_WHAT YOU WILL DO_:
The lines to retype run from the one containing "Robert Raikes Miniature" through the end of the listing below. Reproduce them exactly, leaving out pictures.

_DATA_:
──────
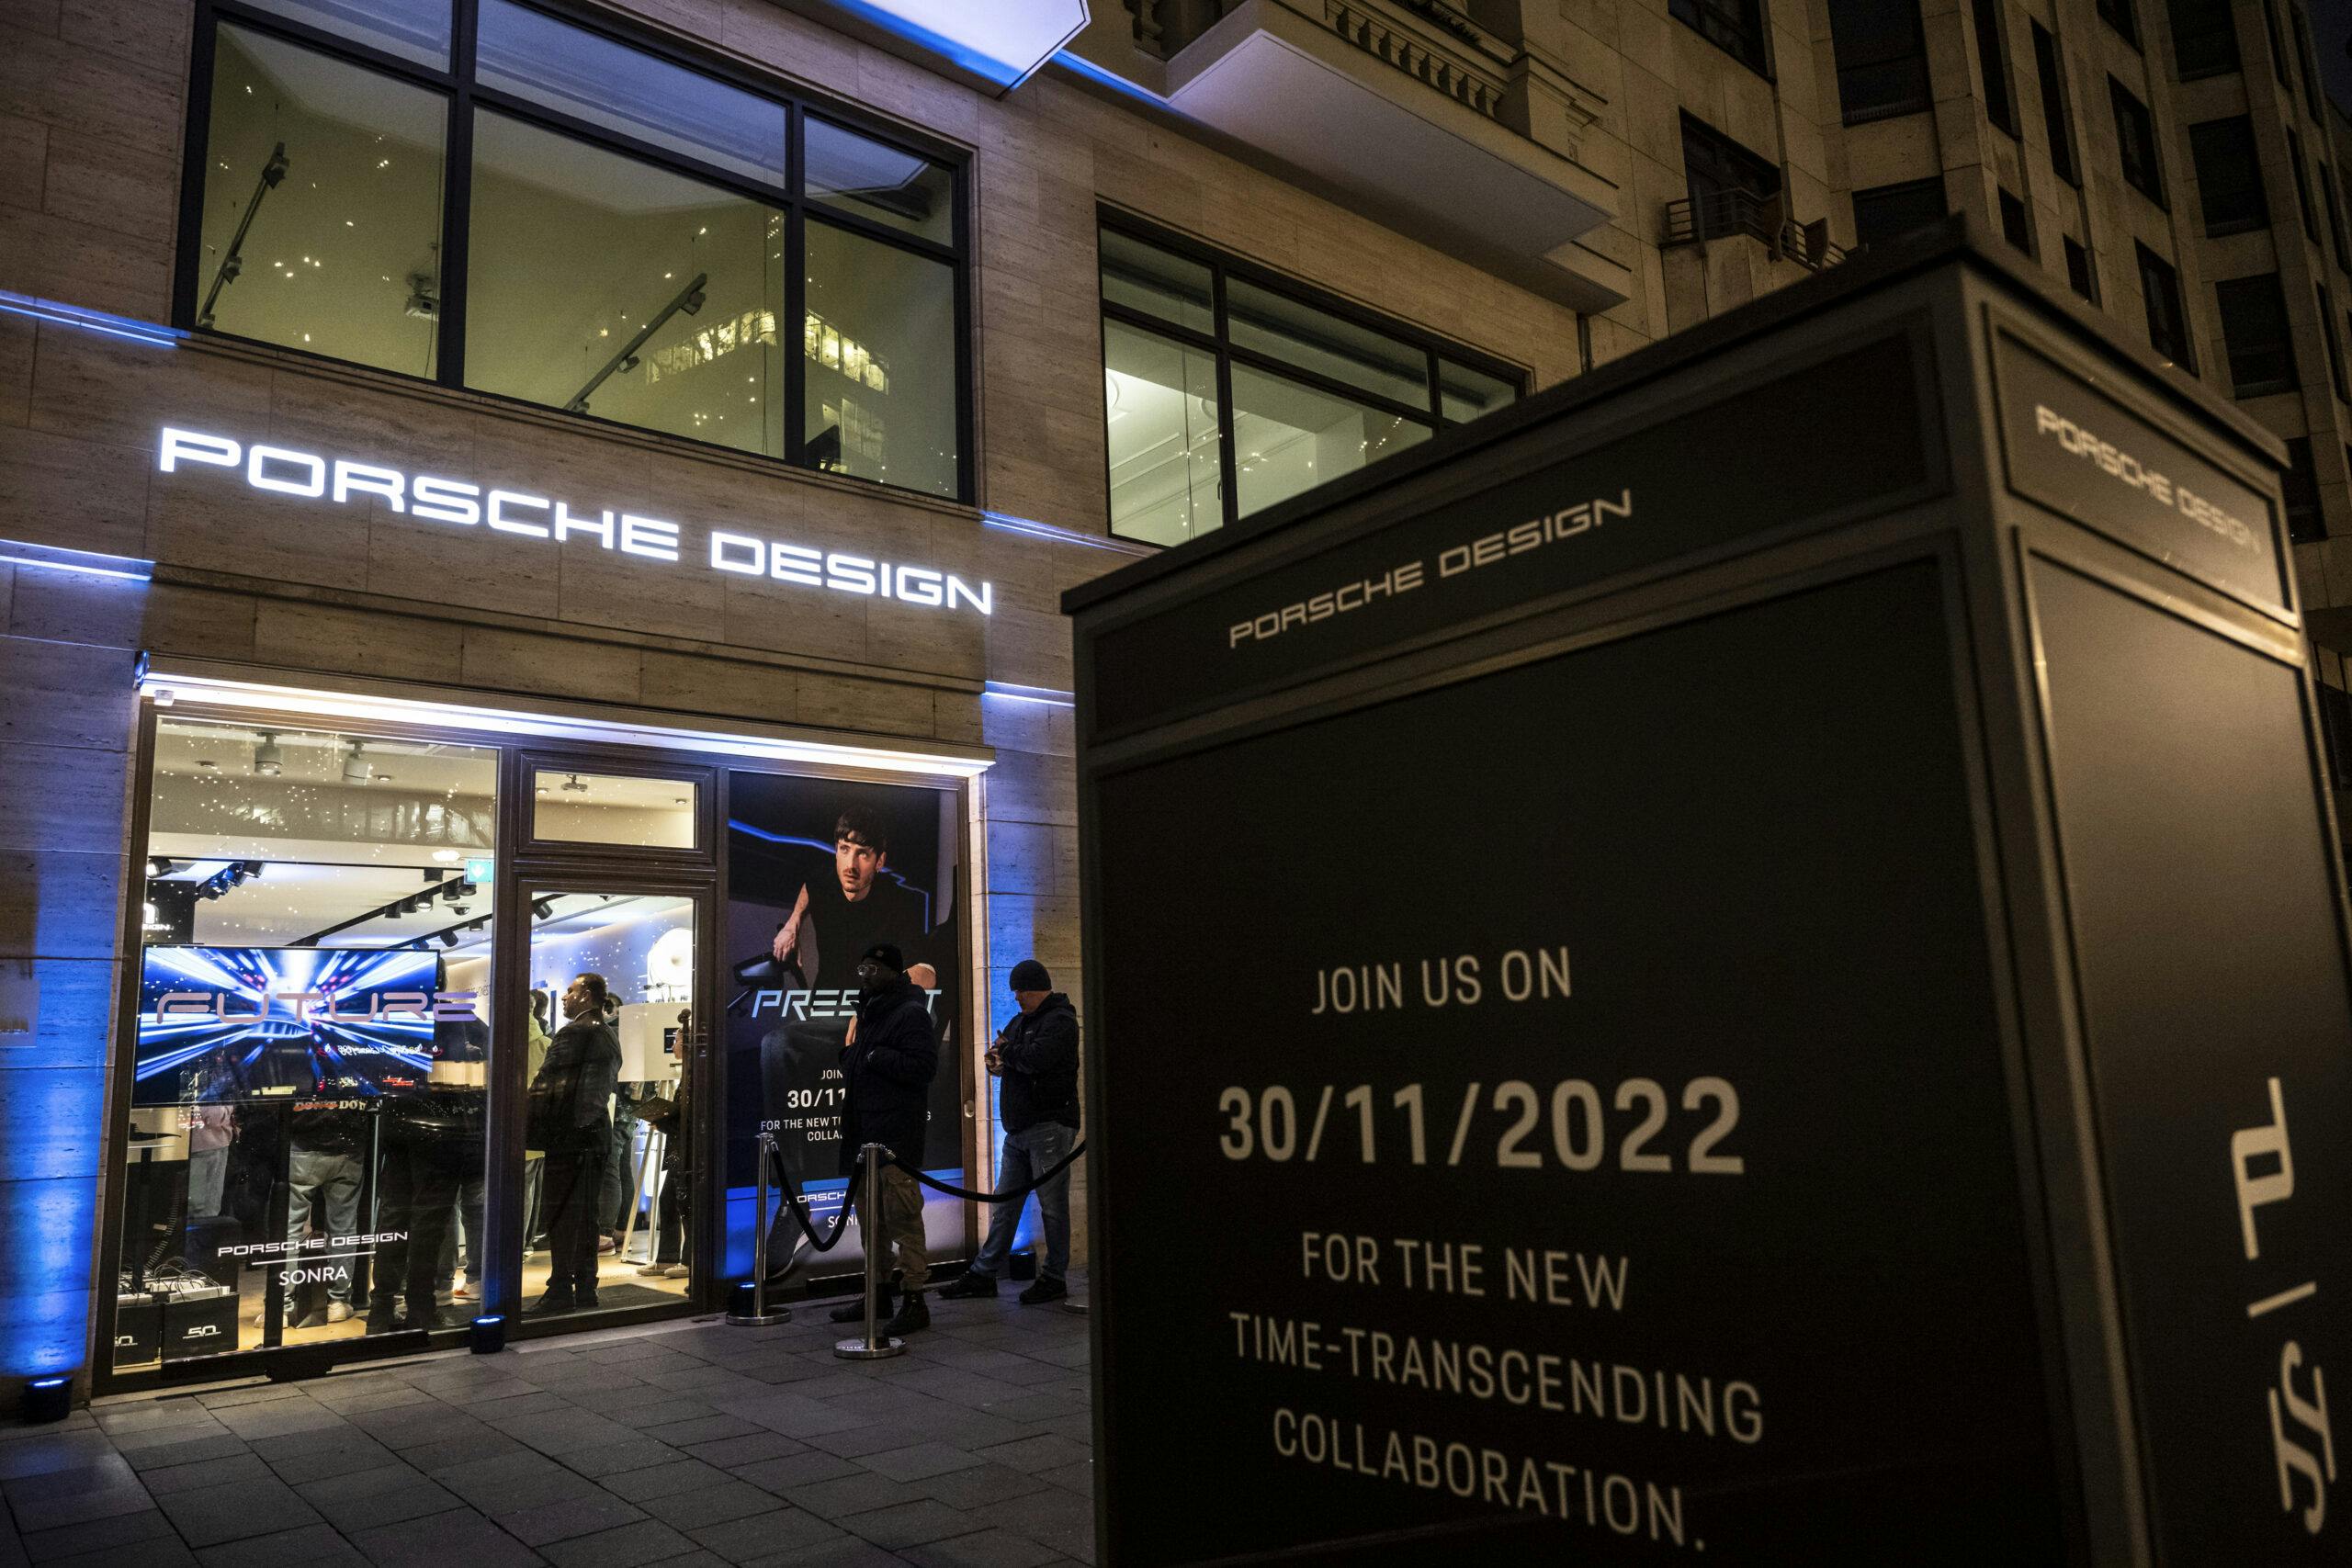 Long Lines Form Outside Porsche Design Store for Launch of Porsche Design × SONRA Sneakers
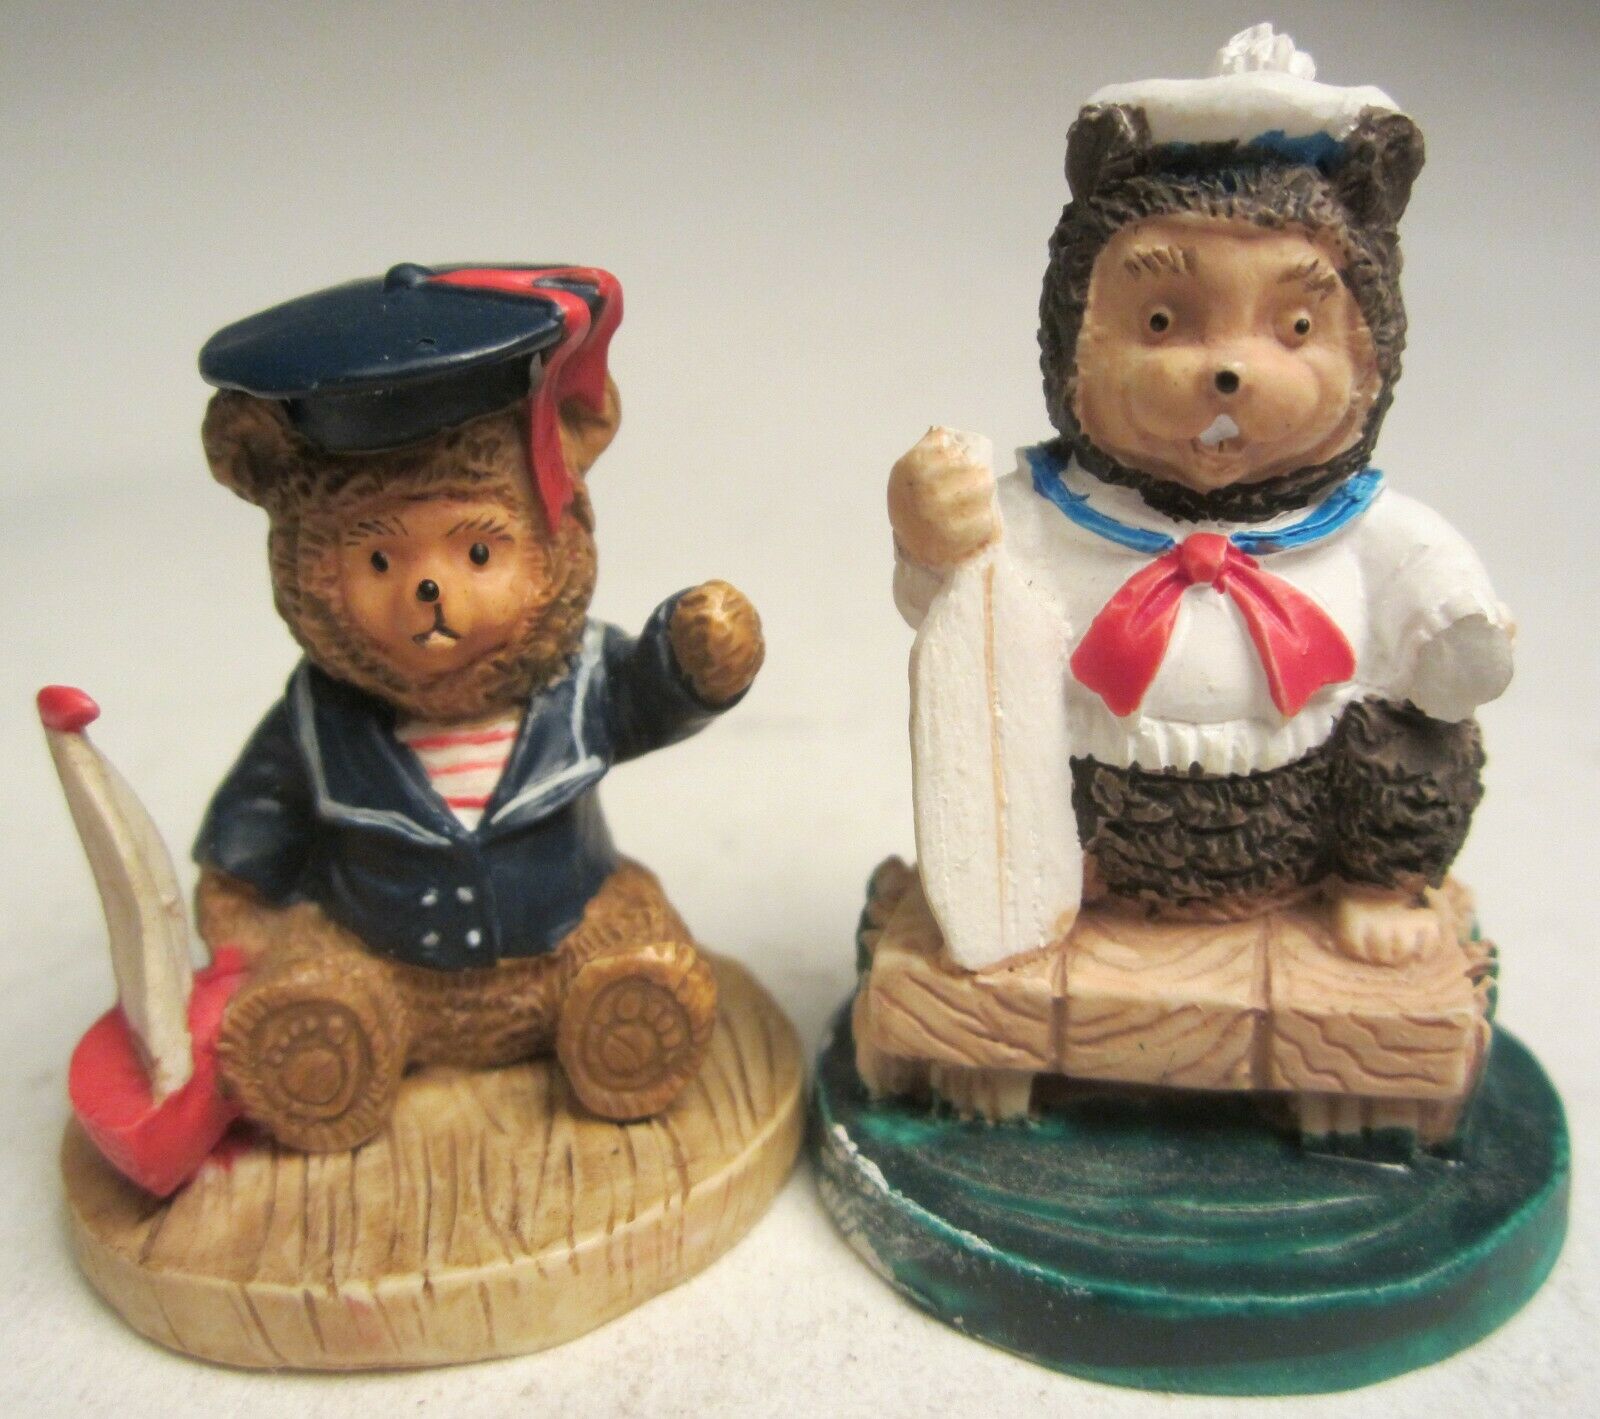 Robert Raikes Miniature Bears 2 Kids Dressed Up In Sailor Outfits Acrylic Resin
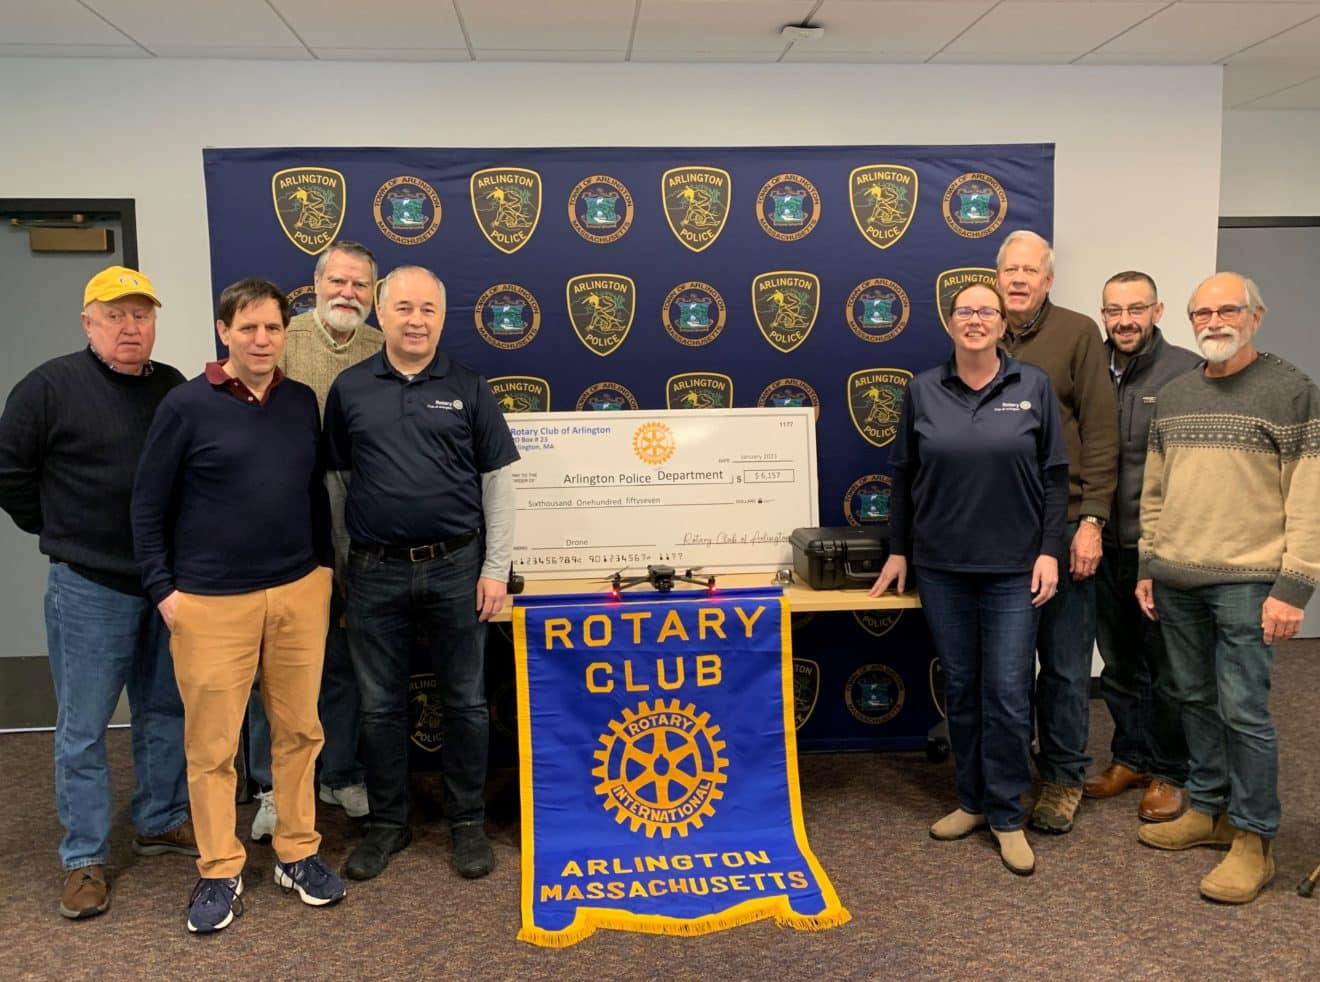 Members of the Rotary Club of Arlington on Jan. 20. (Photo courtesy Arlington Police Department)
──────
_RESPONSE BELOW_:
 Robert Raikes Miniature Bears 2 Kids Dressed Up In Sailor Outfits Acrylic Resin
 Members of the Rotary Club of Arlington on Jan. 20. (Photo courtesy Arlington Police Department)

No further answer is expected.